Instructions to follow: The material below includes pictures; leave them out and return only the lines between the line containing "Magnifique robe en soie Emilio Pucci" and the line containing "Dans l'imprimé floral signature", inclusive, word for word.

Extracted material:
= = = = =
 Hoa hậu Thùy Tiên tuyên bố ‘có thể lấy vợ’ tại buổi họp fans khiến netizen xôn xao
= = = = =
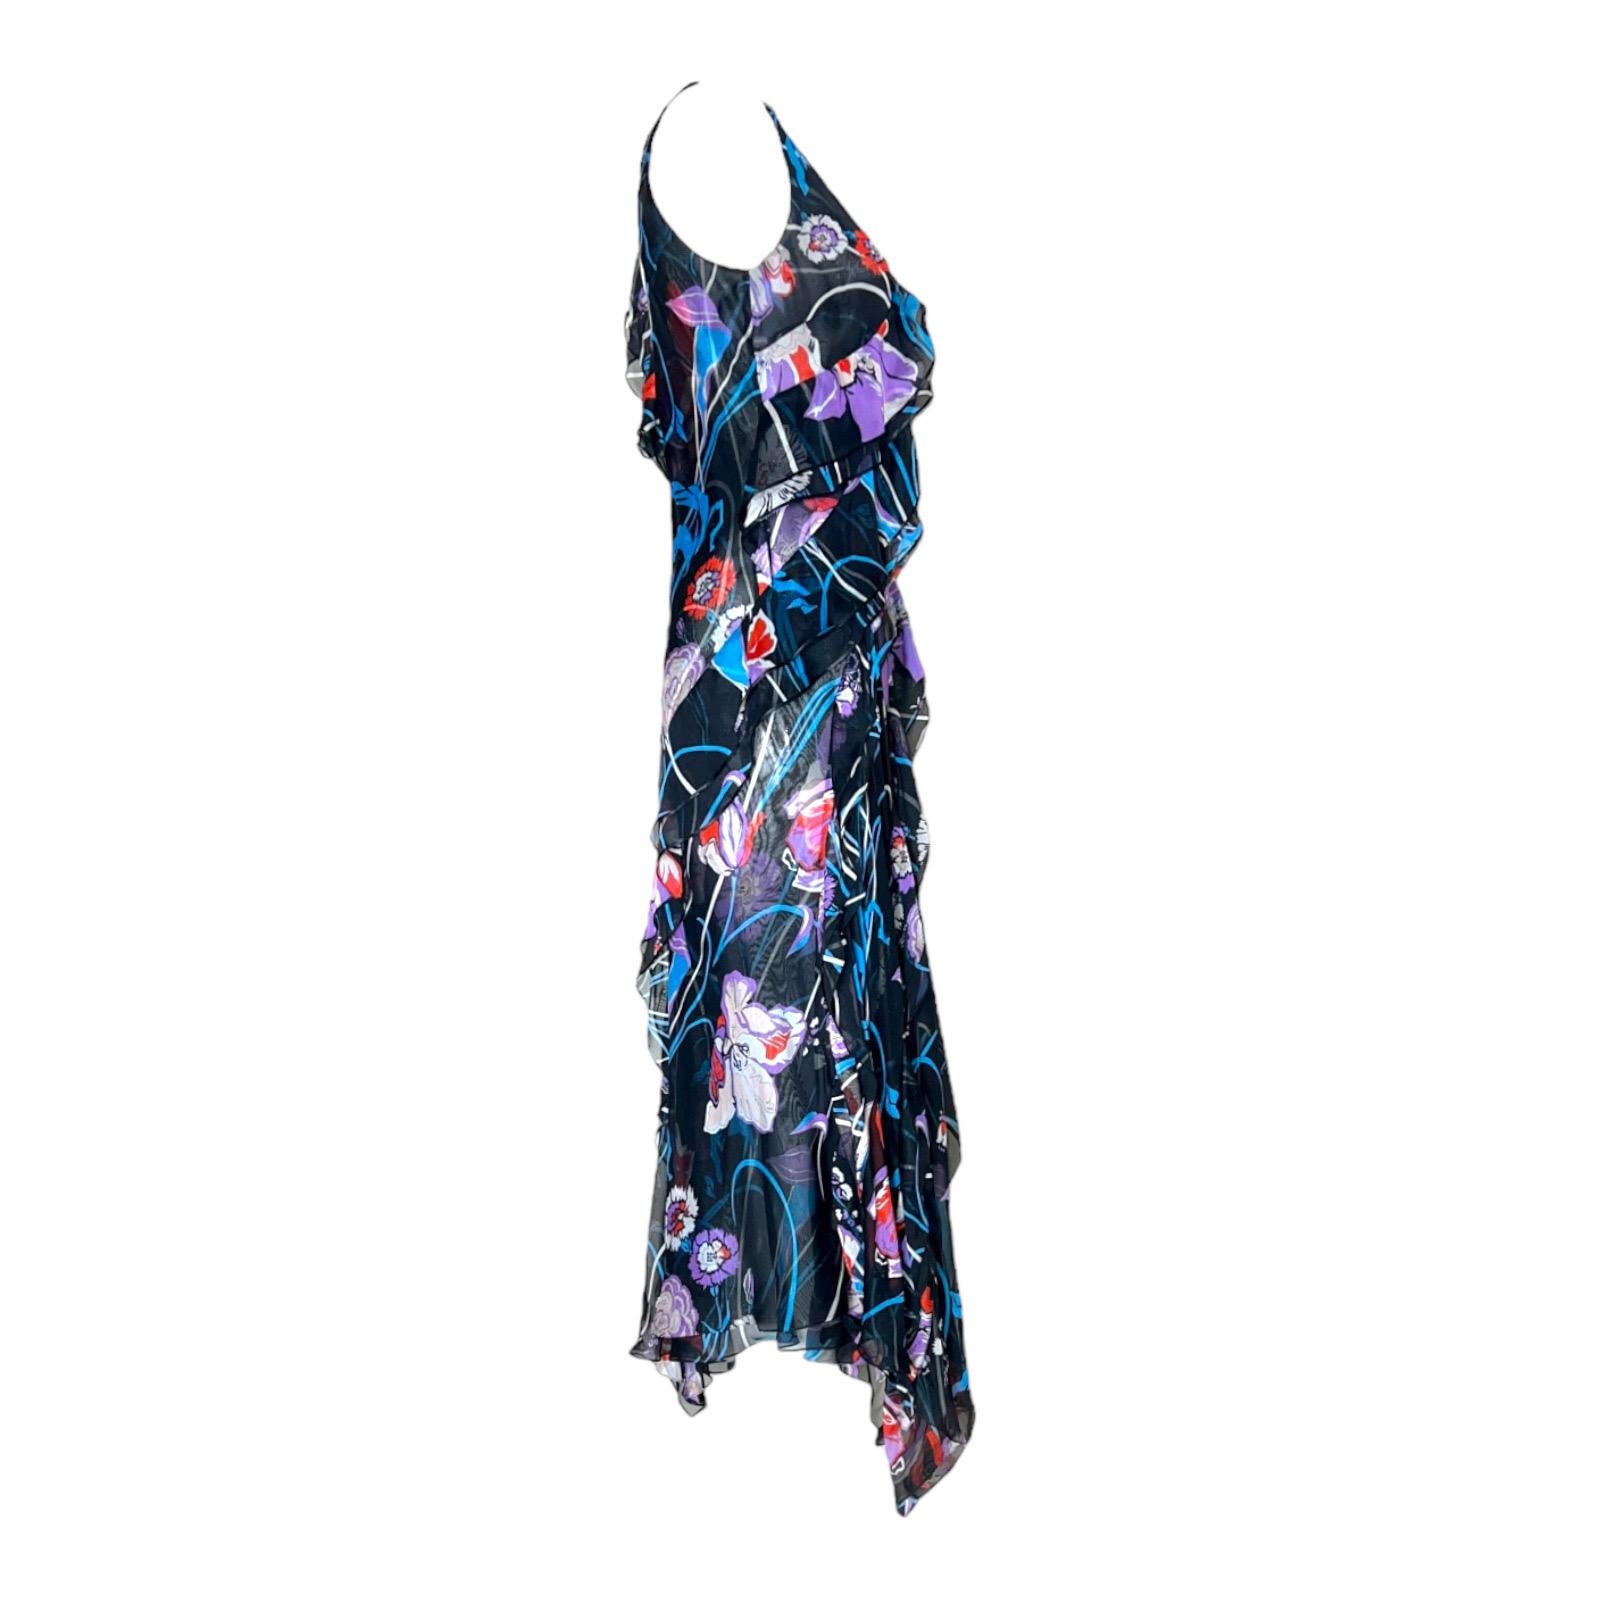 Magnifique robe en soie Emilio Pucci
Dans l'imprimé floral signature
= = = = =
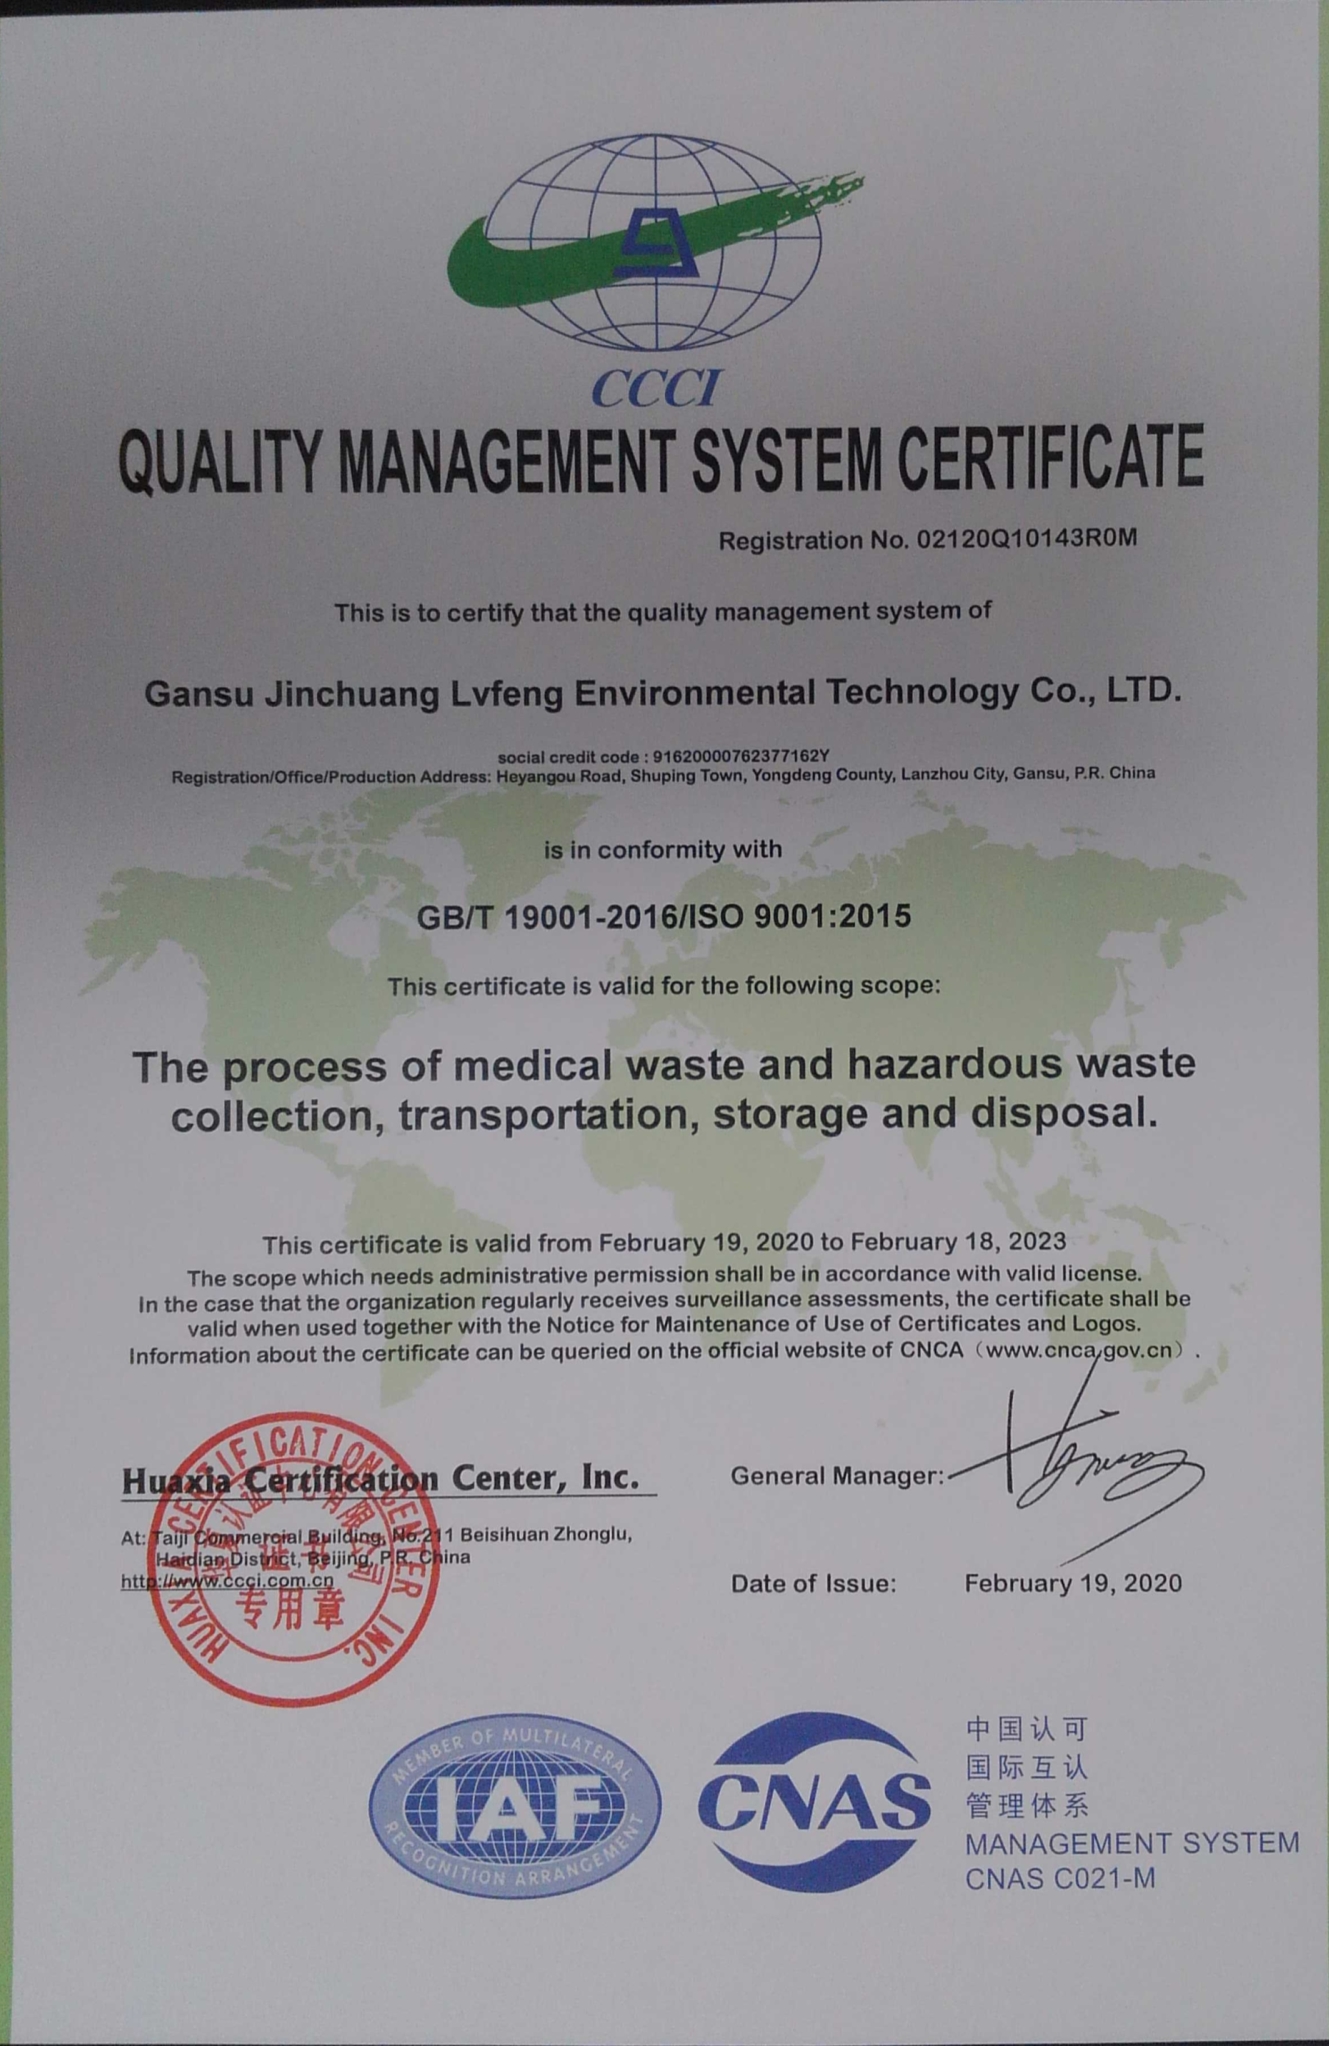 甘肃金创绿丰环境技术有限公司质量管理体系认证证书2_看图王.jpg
= = = = =
Answer space:
 Magnifique robe en soie Emilio Pucci
Dans l'imprimé floral signature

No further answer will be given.